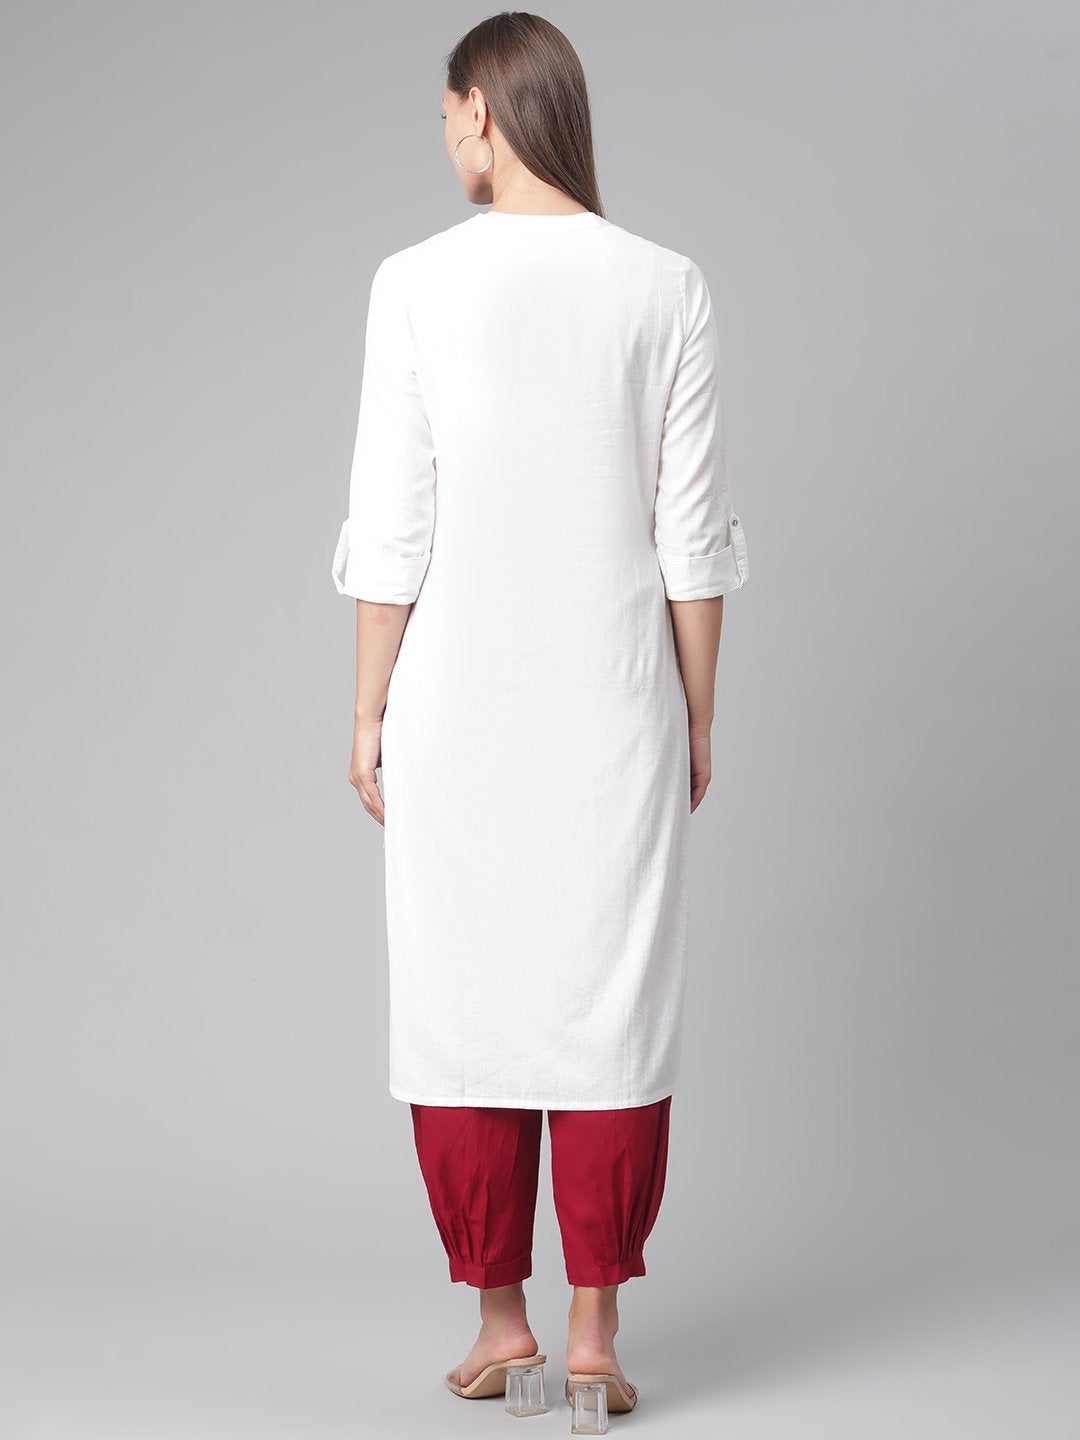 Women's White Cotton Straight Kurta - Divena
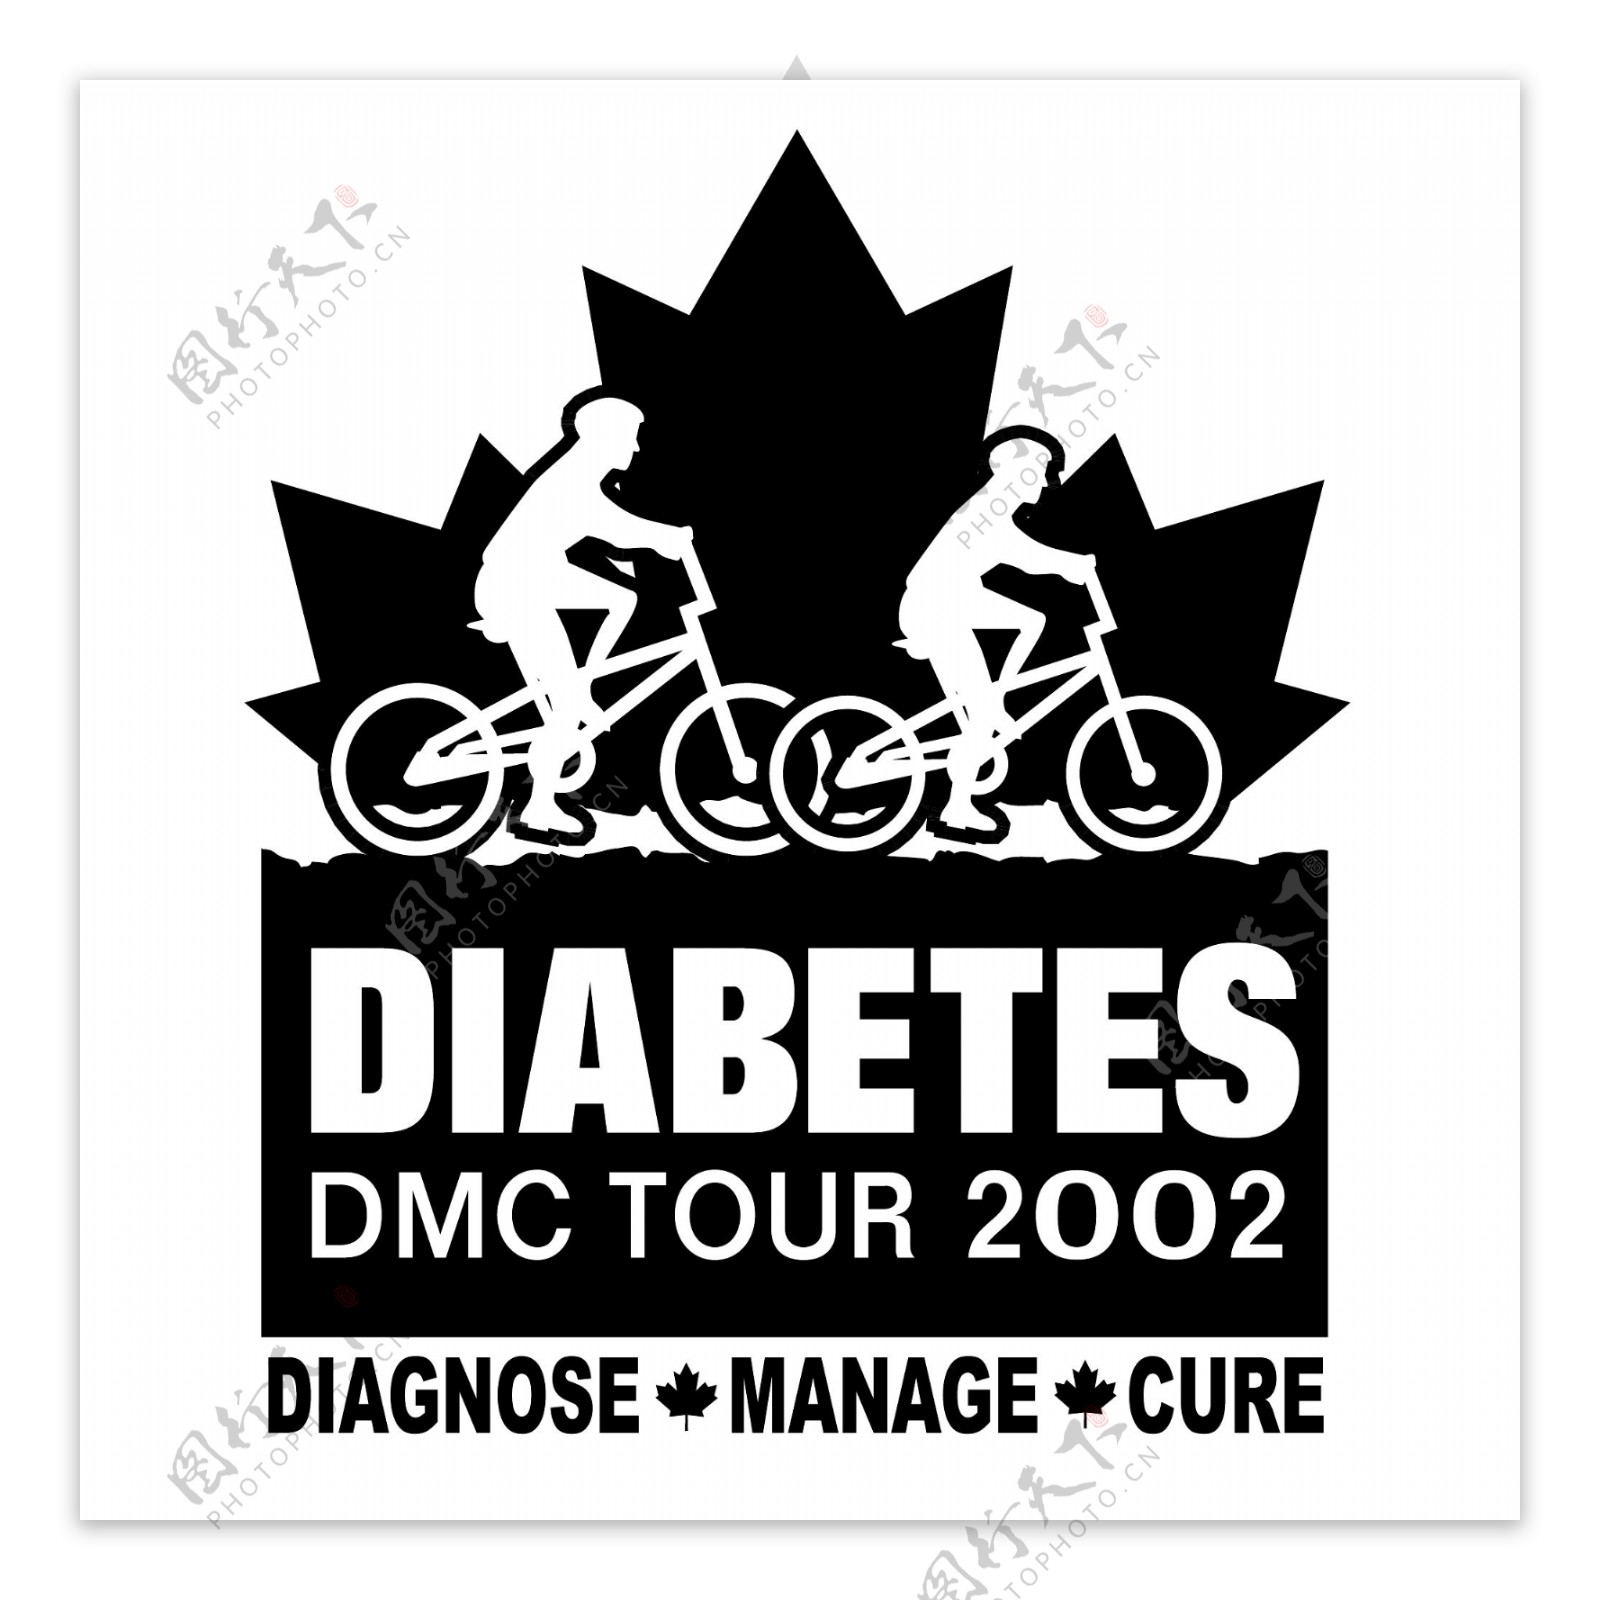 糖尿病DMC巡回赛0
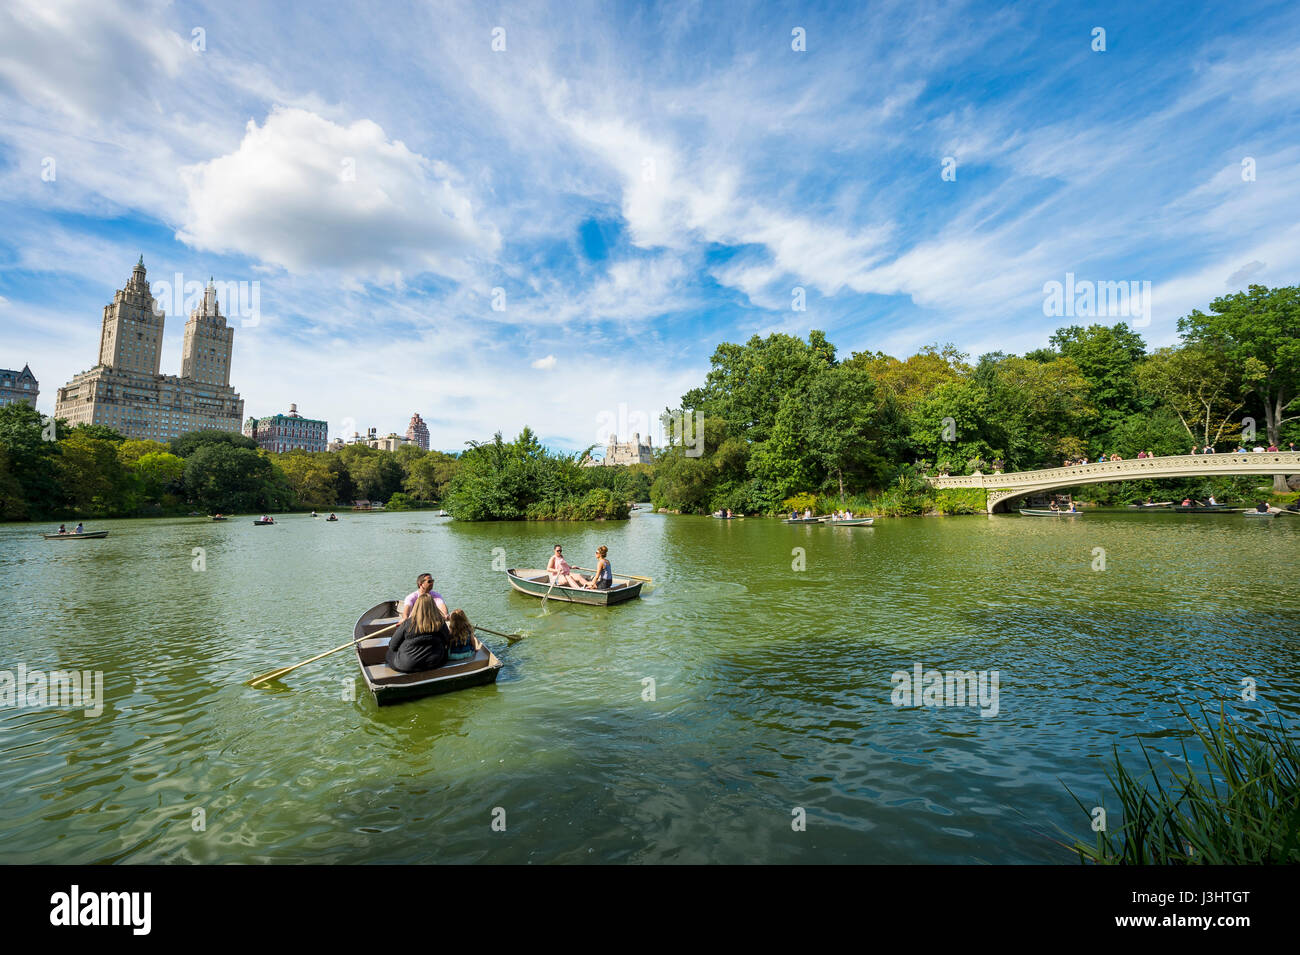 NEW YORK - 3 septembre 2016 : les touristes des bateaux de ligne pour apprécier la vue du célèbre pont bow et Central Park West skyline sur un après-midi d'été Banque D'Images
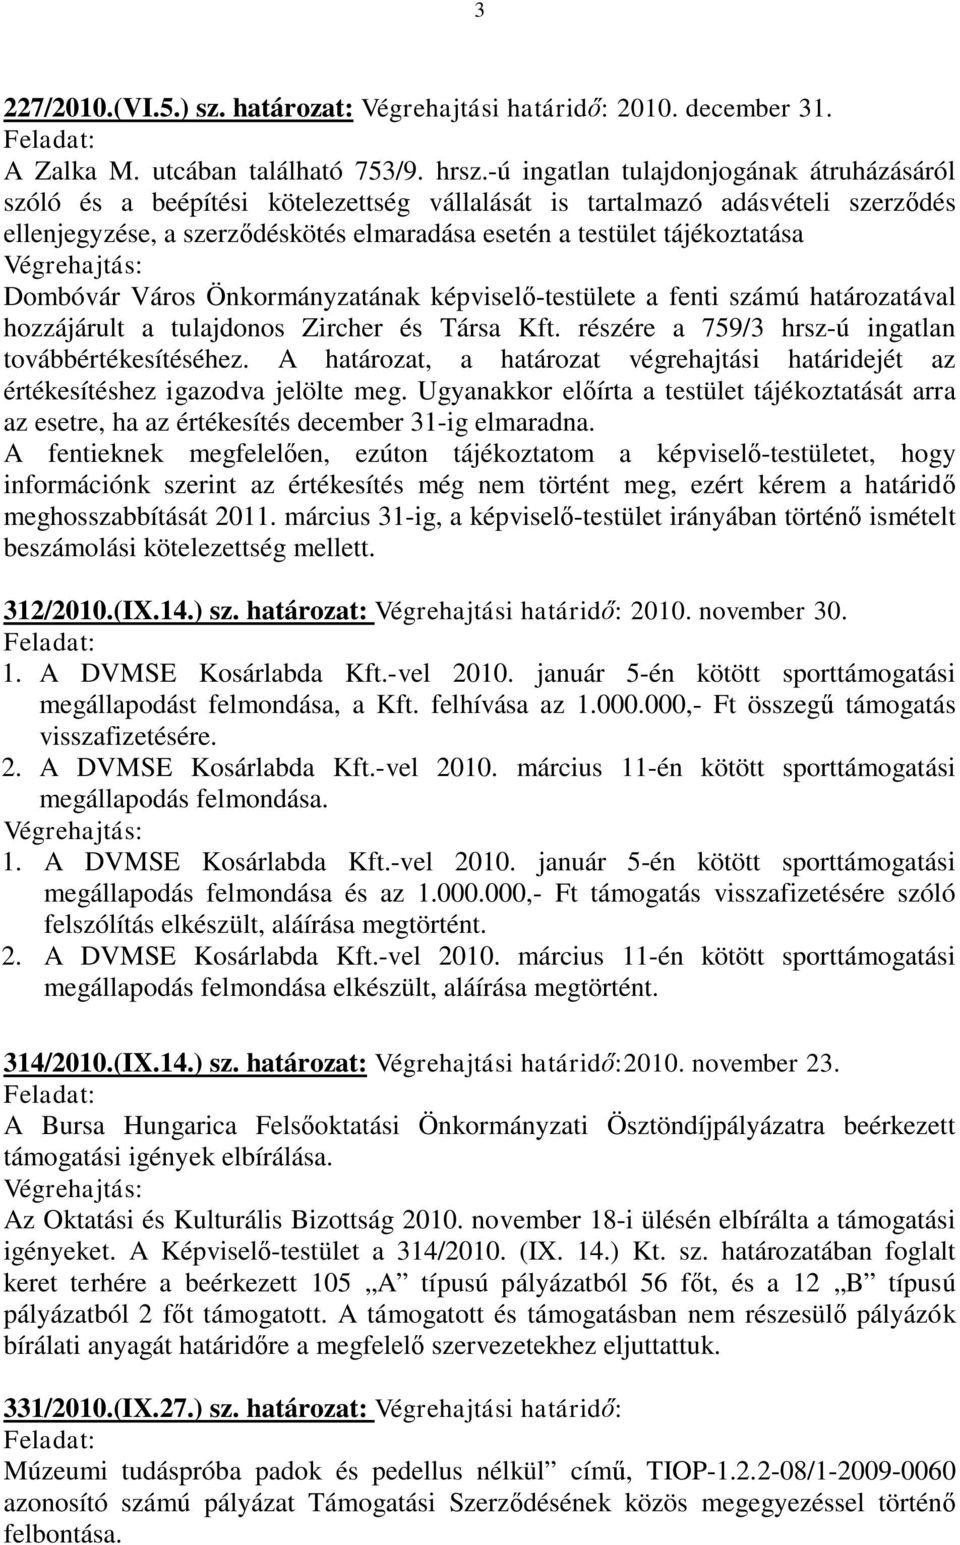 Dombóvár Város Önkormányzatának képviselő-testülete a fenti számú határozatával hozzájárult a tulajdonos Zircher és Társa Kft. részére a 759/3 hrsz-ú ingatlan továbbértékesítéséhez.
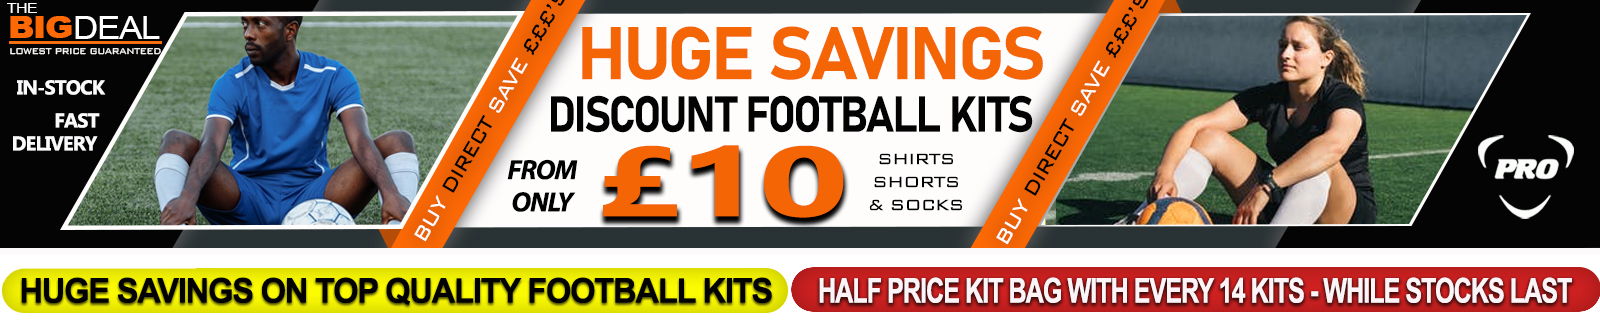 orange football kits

▶ REQUIRED ACTION
Return each line of the data, keeping its wording exact and omitting pictures.

▶ WORKED SOLUTION
 Women's White Cotton Straight Kurta - Divena
 糖尿病DMC巡回赛0
 NEW YORK - 3 septembre 2016 : les touristes des bateaux de ligne pour apprécier la vue du célèbre pont bow et Central Park West skyline sur un après-midi d'été Banque D'Images
 Dombóvár Város Önkormányzatának képviselő-testülete a fenti számú határozatával hozzájárult a tulajdonos Zircher és Társa Kft. részére a 759/3 hrsz-ú ingatlan továbbértékesítéséhez.
 orange football kits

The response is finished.